Severity-based Assessment of Historical and Future Precipitation Extremes Over Kerala Using ETCCDI Indices and CMIP6 Projections
摘要
Evaluation of how extreme precipitation responds to climate change is critical in monsoon-dominated regions such as Kerala, India. This present study aims to provide a comprehensive assessment of historical and future precipitation extremes by integrating Expert Team on Climate Change Detection and Indices (ETCCDI), the coupled model Intercomparison Project Phase 6 (CMIP6) climate projections and Generalised Extreme Value (GEV) based severity analysis. Daily precipitation from regionally downscaled CMIP6 models (0.250 × 0.250) was evaluated against the India Meteorological Department (IMD) gridded observations. Annual ETCCDI indices were computed for historical and projected climate scenarios, followed by GEV-based severity analysis to identify extreme precipitation hotspots using the top 20% quantile. Results reveal a significant structural reorganisation and intensification of precipitation extremes across the region of Kerala. The near future (2026–2050) shows a clear departure from historical conditions, with mean severity increasing beyond 0.55 at many locations, indicating that enhanced extreme rainfall risk is already emerging due to committed warming.
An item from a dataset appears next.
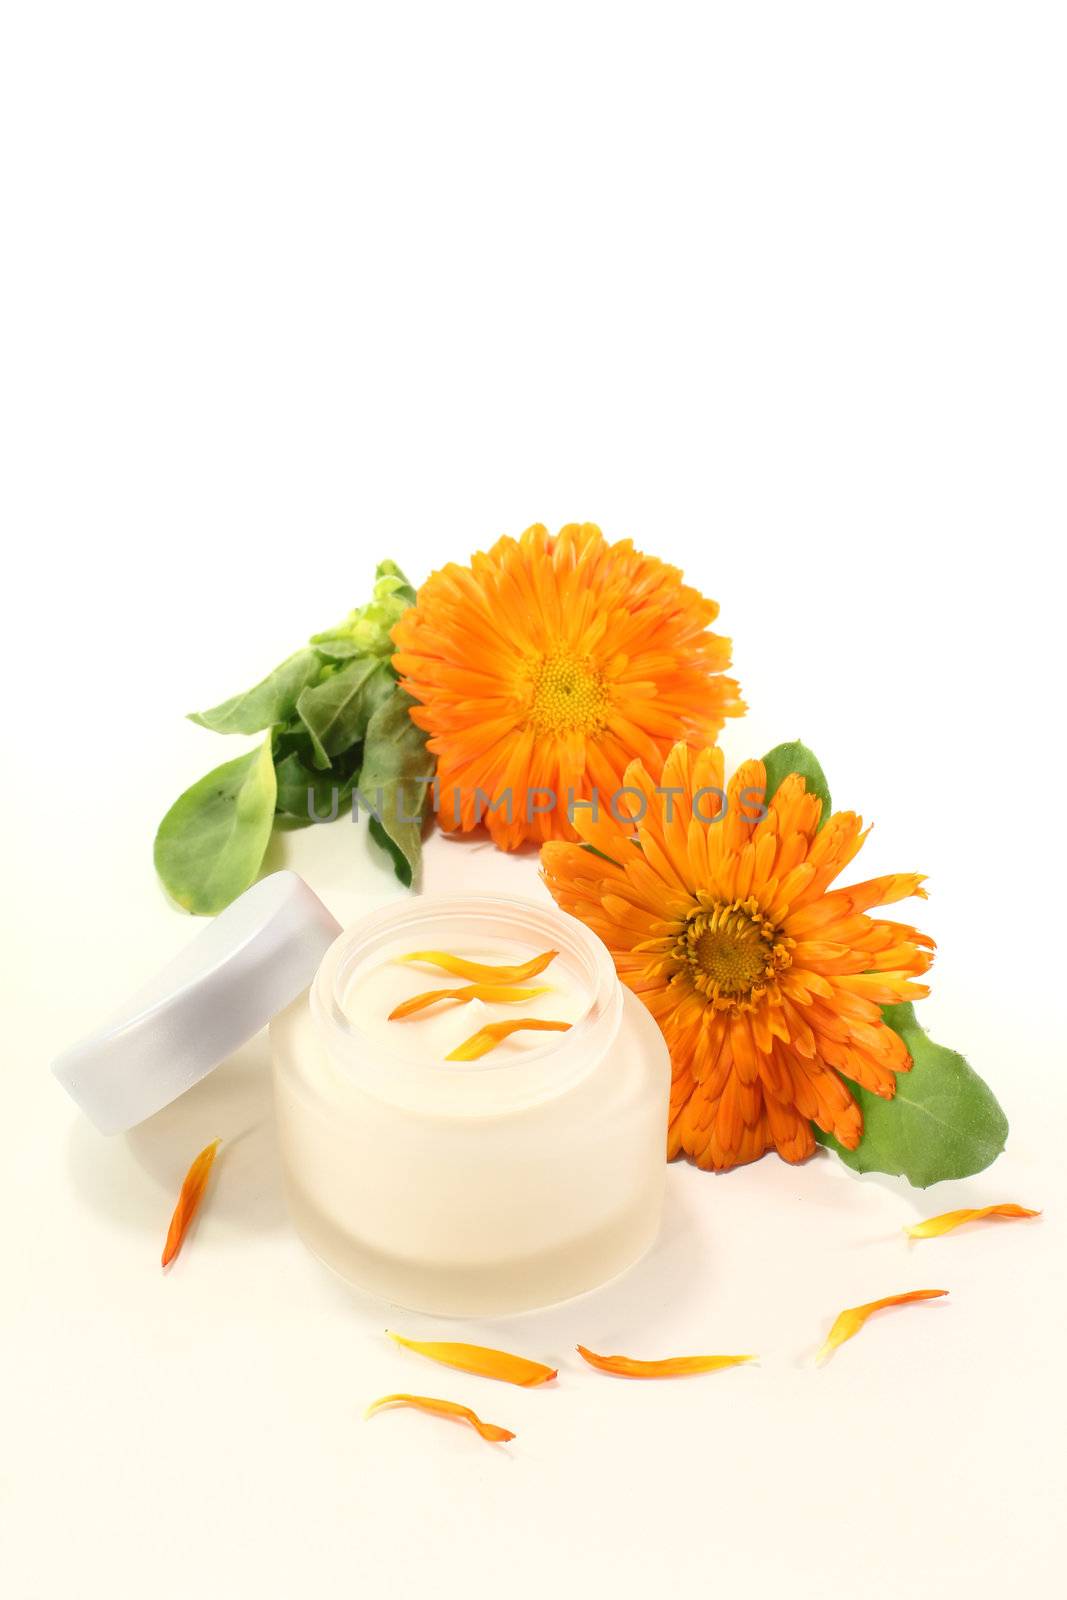 Calendula ointment with marigold flowers, leaves and fresh petals on a light background

Intermediate emissions produce the strongest and most spatially coherent amplification, while higher emission scenarios show a transition toward fewer but more intense events in the mid future (2051–2075). Rainfall concentration indices exhibit widespread hotspot expansion (54–58%), highlighting increasing dominance of extreme events. Identified hotspots closely align with historically flood and landslide-prone districts such as Idukki and Wayanad. The findings demonstrate that future hydroclimatic risk in Kerala will be governed by rainfall intensity, persistence, and concentration rather than mean changes alone, emphasising the need for severity-based adaptation planning.